8/25/2025 8:18. Correspondence 10
Hi. Let me start by addressing yesterday.
On the 24th of August, at around 6:45, an alert from USC's emergency alert system came over my phone stating there was an active shooter in the library. It instructed us to perform lockdown procedures and to barricade our doors if necessary. After mass panic around campus and hordes of misinformation, mainly through social media sites like Yik Yak and Snapchat, the police found no signs or evidence of an active shooter and deemed it a false report. That's the short version.
I'm frankly at a loss. It was so terrifying and terrible. There is nothing I can do, no word I can conjure that carries a strong enough connotation to convey the horror of the situation. And this was just a false alarm. This experience was so visceral and nauseating, and no shots were even fired. I can't begin to describe, much less even think about, the pure awful emotions that are experienced during actual mass shootings. I won't. I can't. I'm not a good enough writer. I don't think anyone is.
I do want to describe my thoughts on the aftermath. Today has been strange. Surreal. Surreal is a word used too often. I'm calling myself out, too. It has lost some degree of meaning and effect. Today, though, was truly and genuinely surreal. I struggled feeling grounded today. I struggled relating to the day before. The thing that was so striking and unbelievable was the normality. Everyone shared simple pleasantries and nods. The buildings were full and bustling. The Tomas Cooper library was back with a stream of people filing in and out. Of course it was mentioned. Of course people talked about it.

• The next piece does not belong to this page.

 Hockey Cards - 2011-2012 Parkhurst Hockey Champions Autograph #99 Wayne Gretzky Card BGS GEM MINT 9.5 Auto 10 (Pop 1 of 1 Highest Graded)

But it was addressed with a haunting lightness. It was "Can you believe what happened yesterday?" "No dude, ha, that was insane". It was "We were supposed to have the meeting yesterday, ha, you know". It was "what a crazy first week, ha, just glad no one got hurt".
What else are we supposed to do? I'm not mad at these people. I'm not offended. I'm horrified that there was an alert on every single student, staff member, and professor's phone that said, "An active shooter has been reported on the University of South Carolina’s Columbia campus," and that as a society, as a community, we are all seemingly okay and satisfied that it was a false alarm and no one was hurt. Enough to almost act like it never happened and to carry on with plesentries. It is so horrifically normalized.
We shouldn't be okay with it being fake. We shouldn't be okay with the fact that there are so many mass shootings happening all over the country; we so easily believed one was happening here.
I'm so glad there was no shooter. So unbelievably glad. But I shouldn't be. WE SHOULDN'T FUCKING HAVE TO BE GLAD THAT NOTHING HAPPENED. IT SHOULDN'T FUCKING HAPPEN AT ALL. To be thankful that it was just a false alarm normalizes every atrocity committed. It reinforces the fact that "this is just the way things are" and that "we are lucky it was fake". We are not "lucky". This country is not "lucky". Oh yeah, let's just all hope, pray, and get lucky that every mass shooting event is just a false alarm. What a wonderful America it would be.
It shouldn't happen at all.
Words easily written, I know. It is also not the hottest take, either. Then why isn't anything changing? Why are we all so complacent? Me included. Maybe it's a flaw in society or democracy or guns or people. Maybe it's all of those things. Maybe we feel powerless against it. Maybe we all are just scared, ignorant specks. So scared, we convince ourselves that weapons are necessary to defend against "them". So scared and overwhelmed and ignorant and scared and lonely, we commit atrocities. Atrocities we feel powerless against...
Until tomorrow, think critically with your mind but always fully with your heart.